Date: Tue, 13 Jan 2026 22:13:52 +0100
> On 13 Jan 2026, at 21:26, Jan Schultke <janschultke_at_[hidden]> wrote:
>
>> > If recursive template-based implementations can generate better code,
>> > then the compiler could just skip the recursive template nonsense and
>> > just generate the better code. That recursive templates can be used to
>> > trick the compiler into that better code generation doesn't stop this
>> > from being a QoI issue.
>>
>> The recursive templates can't easily be omitted because the iteration is too complex to be written by hand, and part of the optimizations happens in the pipelining, which is on a lower level.
>>
> There is still no reason why the target-specific instruction selection for iN operations in LLVM necessarily selects worse instructions for say, 128-bit division than division between mod_int. CPU pipelining is below assembly anyway, so somewhat beyond what compilers can directly control.
LLVM is written in C, and for 128 bits, it already has the standard 2-by-1 64-bit word algorithm, though 2-by-2 is binary division. If one wants to have the former for 256 bits, the code must somehow be iterated. Using the standard multiprecision division algorithm would introduce a loop, breaking the pipelining.
Then, mod_int<m> would be for any modulus: it should just be padded to an efficient type, having full 2-word multiplication result and 2-by-1 (divq-type) division. Multiprecision algorithms are complicated.
>> > If you want this to move forward, you need to show:
>> >
>> > 1. That better code generation exists. This is not about the
>> > *mechanism* of that code generation (ie: recursive templates); I'm
>> > talking about the actual resulting assembly.
>> > 2. That a compiler is incapable of generating that code using the
>> > existing `_BitInt` mechanism. Not that compilers don't currently do
>> > it; that a compiler *fundamentally* cannot do so through `_BitInt`.
>> > That there is some information which cannot exist that prevents it
>> > from generating the optimal assembly.
>>
>> It relies on a mathematical analysis which can't be done in the general multiprecision division algorithm.
>>
> But LLVM does not perform multiprecison until instruction selection in the backend. It does mathematical analysis in the middle-end for iN as if that integer width was supported. That is, dividing by 2**100 should get strength-reduced to a 100-bit right-shift instead of first being broken down into countless instructions that comprise a 64-bit operation, preventing this strength reduction.

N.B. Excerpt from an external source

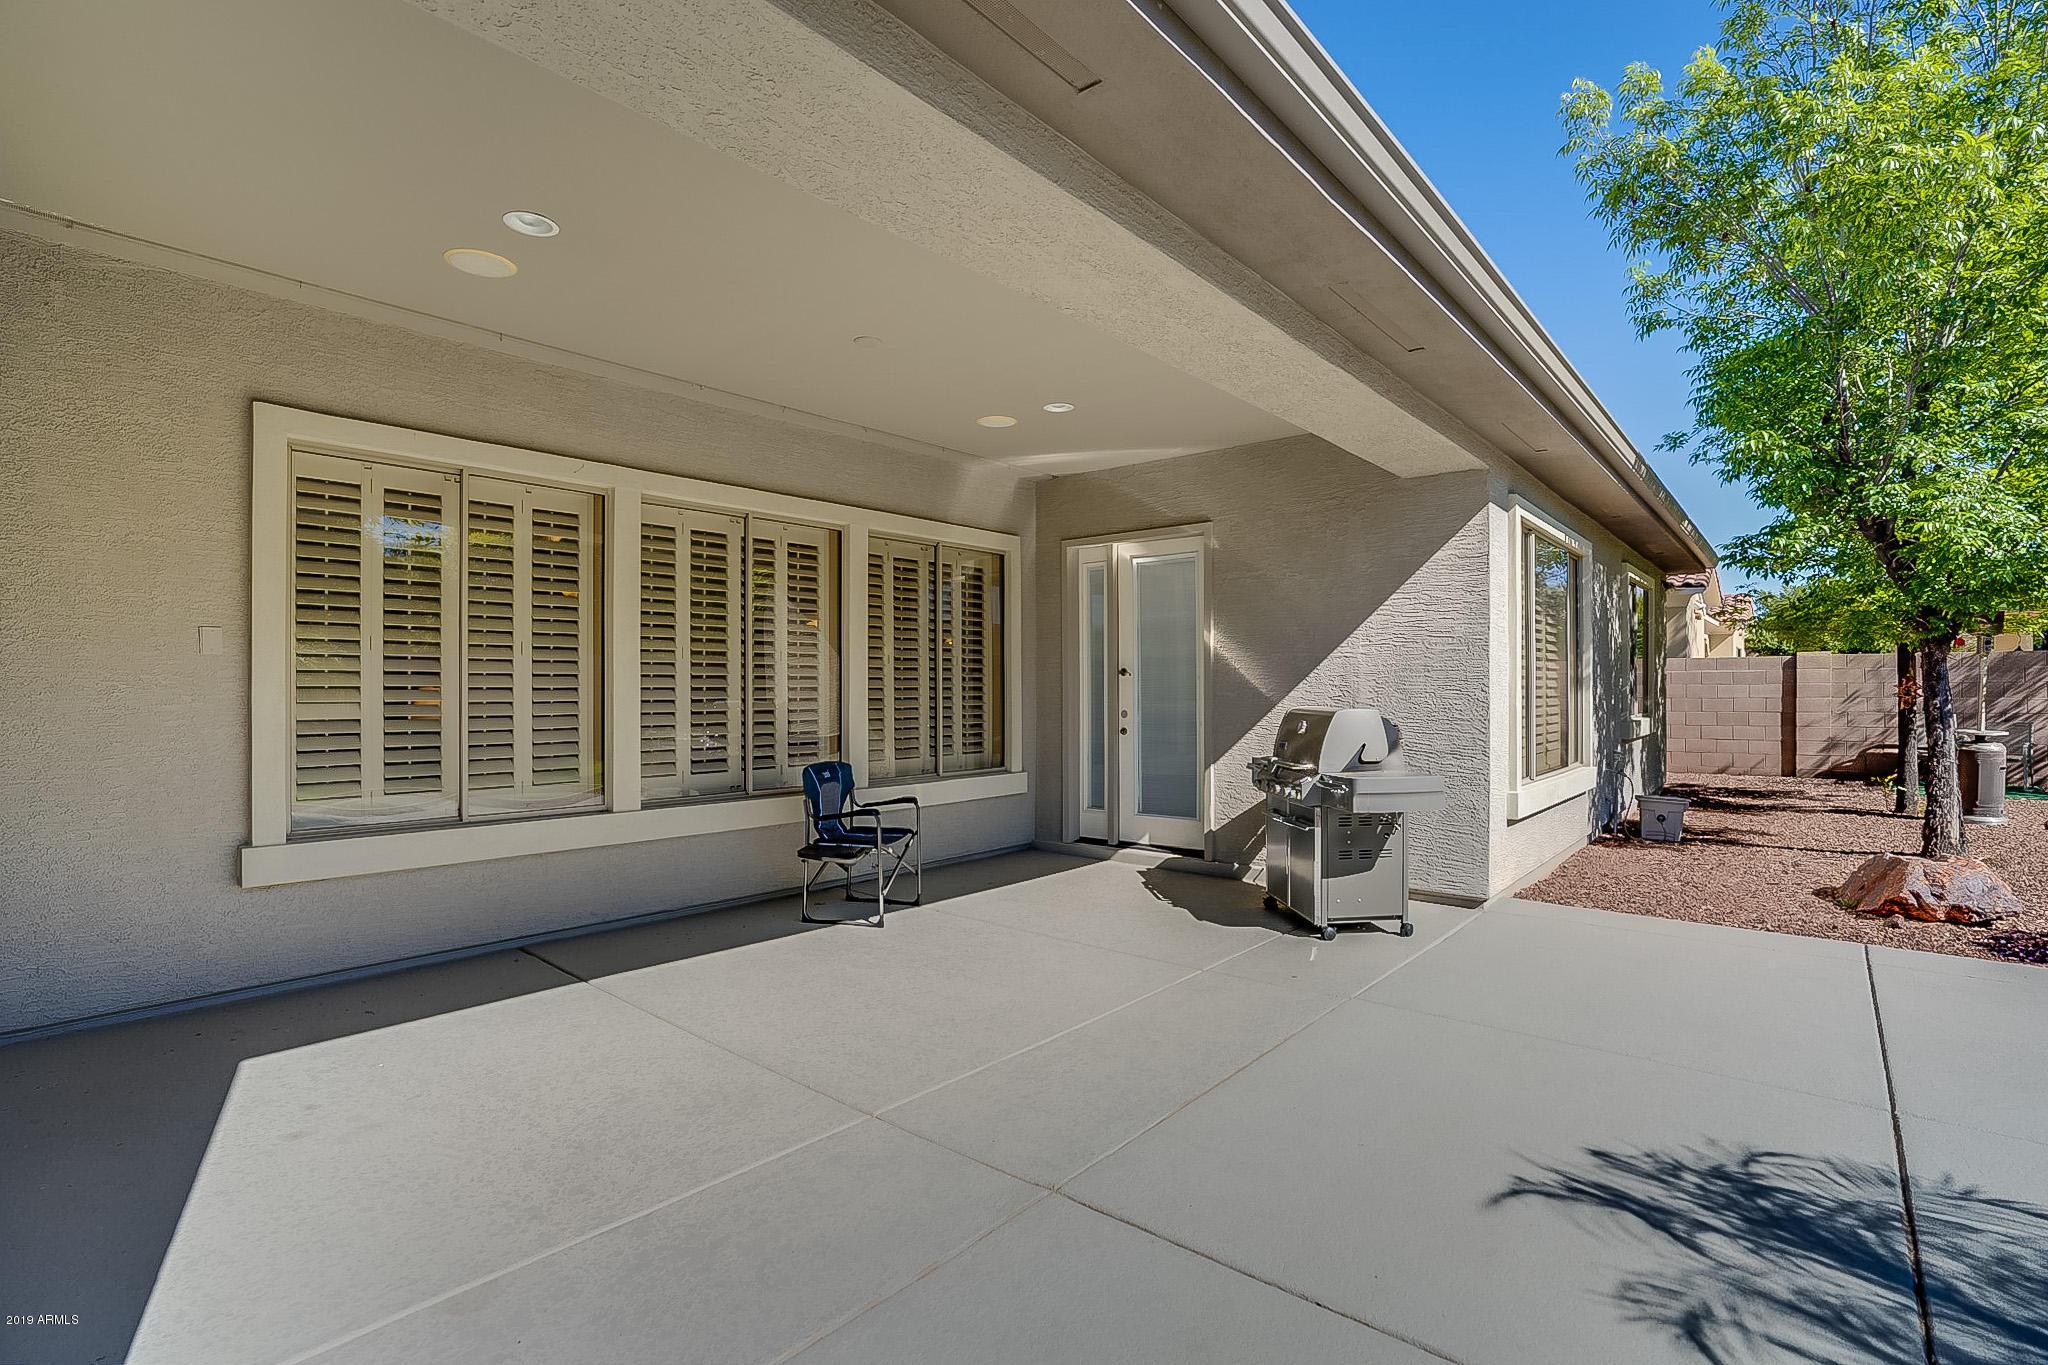 MLS 5856327 881 W MACAW Drive, Chandler, AZ 85286 Arden Park

In cryptography, one may use numbers like in this example, for which there are no obvious reductions:
https://en.wikipedia.org/wiki/LCS35
> The fact that mathematical analysis can't be done when you break it down into multiprecision is actually why it's a terrible idea to use pure library implementations instead of fundamental types for N-bit integers: emitting 100 64-bit IR instructions instead of a single 128-bit IR instruction obfuscates the mathematics of the operation to the compiler. This is why we need _BitInt.

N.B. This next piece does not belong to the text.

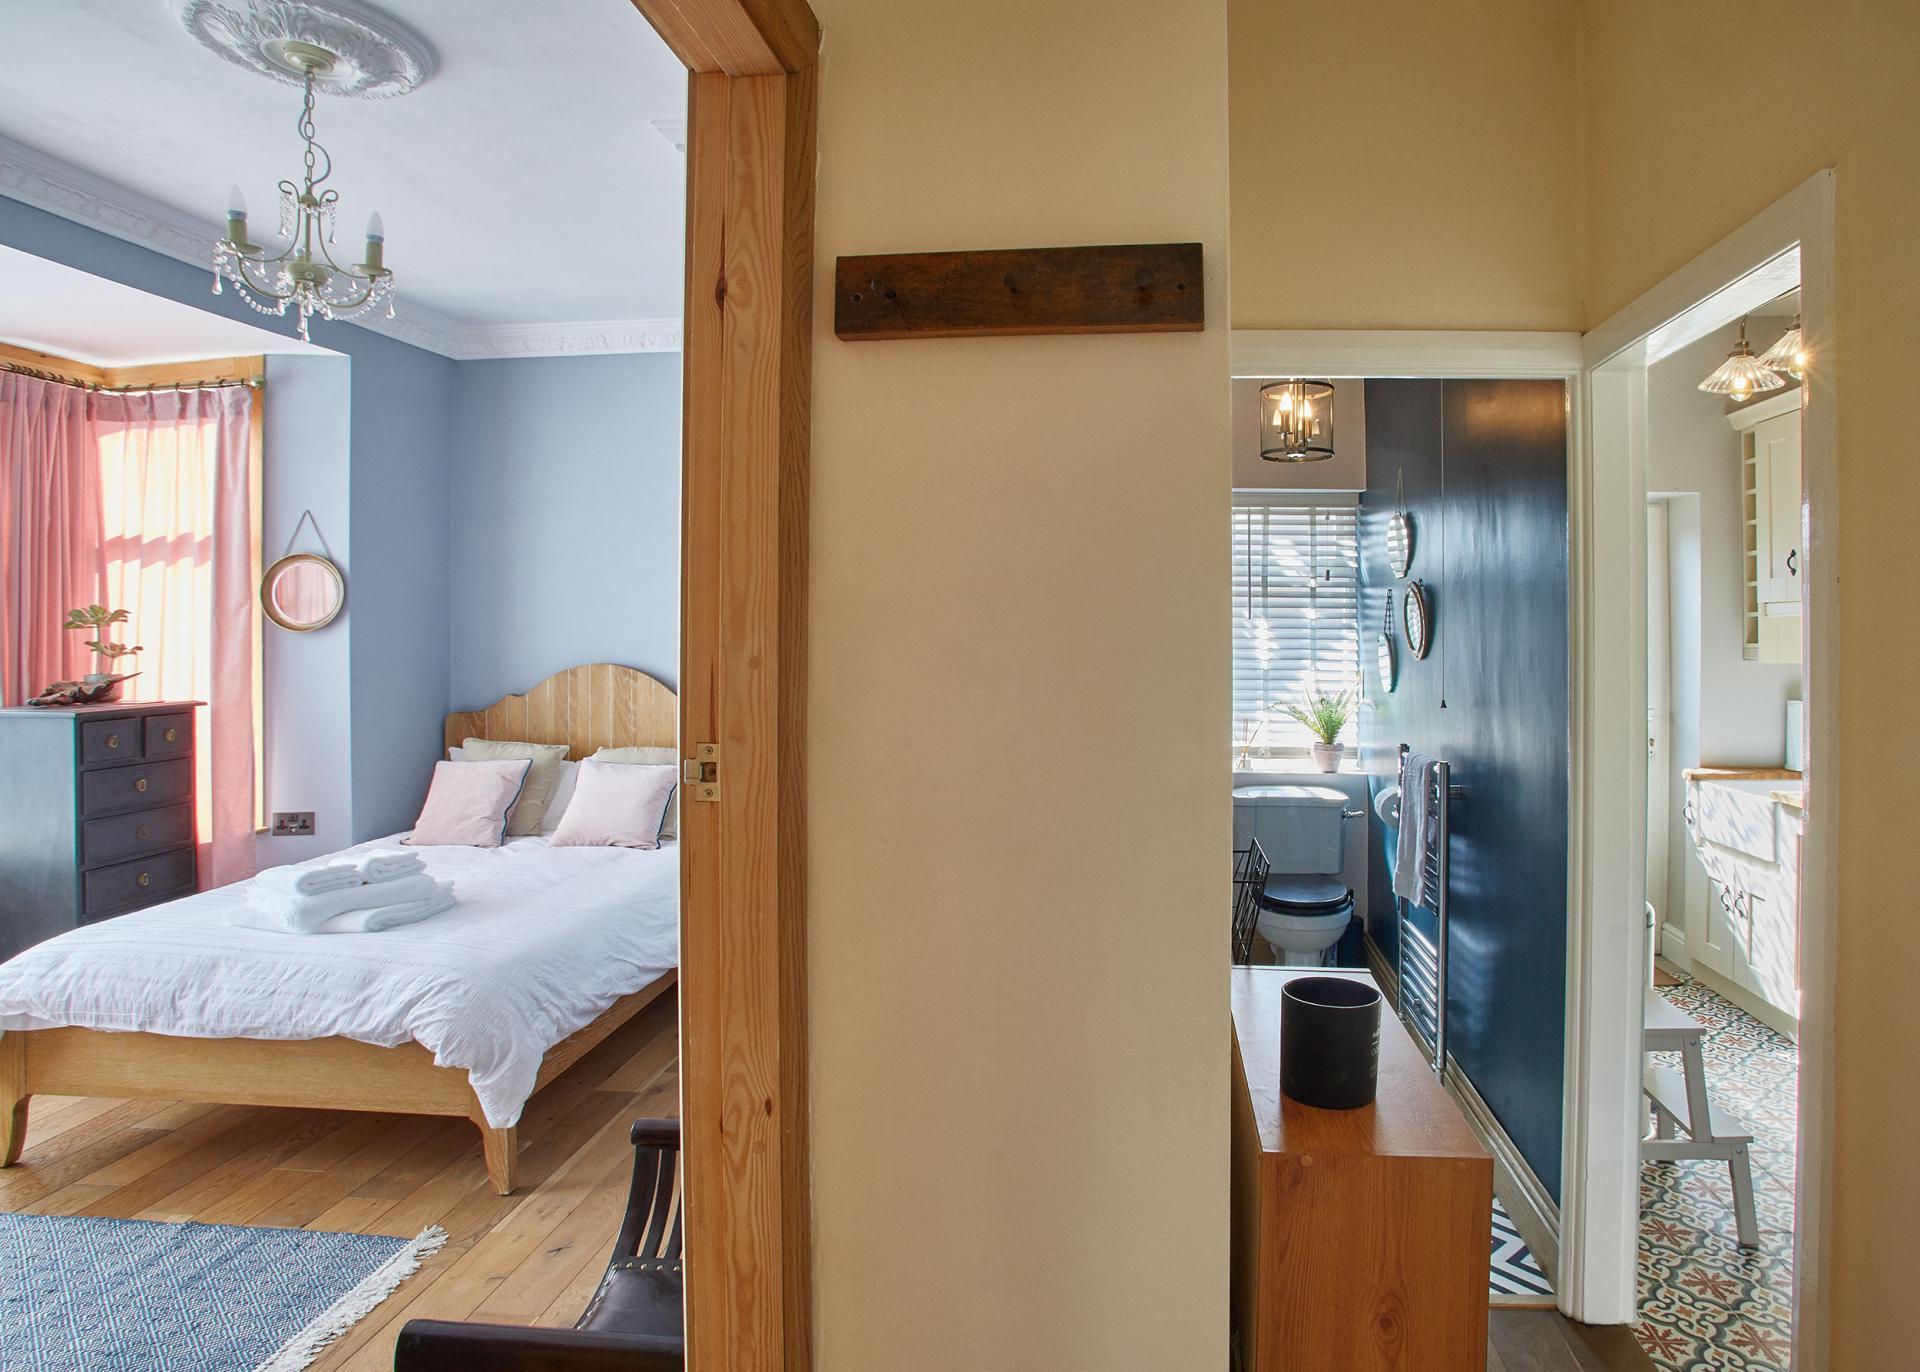 Corporate Serviced Apartments In Harrogate - SilverDoor

There are special algorithms when dividing with one ore two words, and further when the dividend is two words, regardless of what level you intend to invoke them.
>
>> > If recursive template-based implementations can generate better code,
>> > then the compiler could just skip the recursive template nonsense and
>> > just generate the better code. That recursive templates can be used to
>> > trick the compiler into that better code generation doesn't stop this
>> > from being a QoI issue.
>>
>> The recursive templates can't easily be omitted because the iteration is too complex to be written by hand, and part of the optimizations happens in the pipelining, which is on a lower level.
>>
> There is still no reason why the target-specific instruction selection for iN operations in LLVM necessarily selects worse instructions for say, 128-bit division than division between mod_int. CPU pipelining is below assembly anyway, so somewhat beyond what compilers can directly control.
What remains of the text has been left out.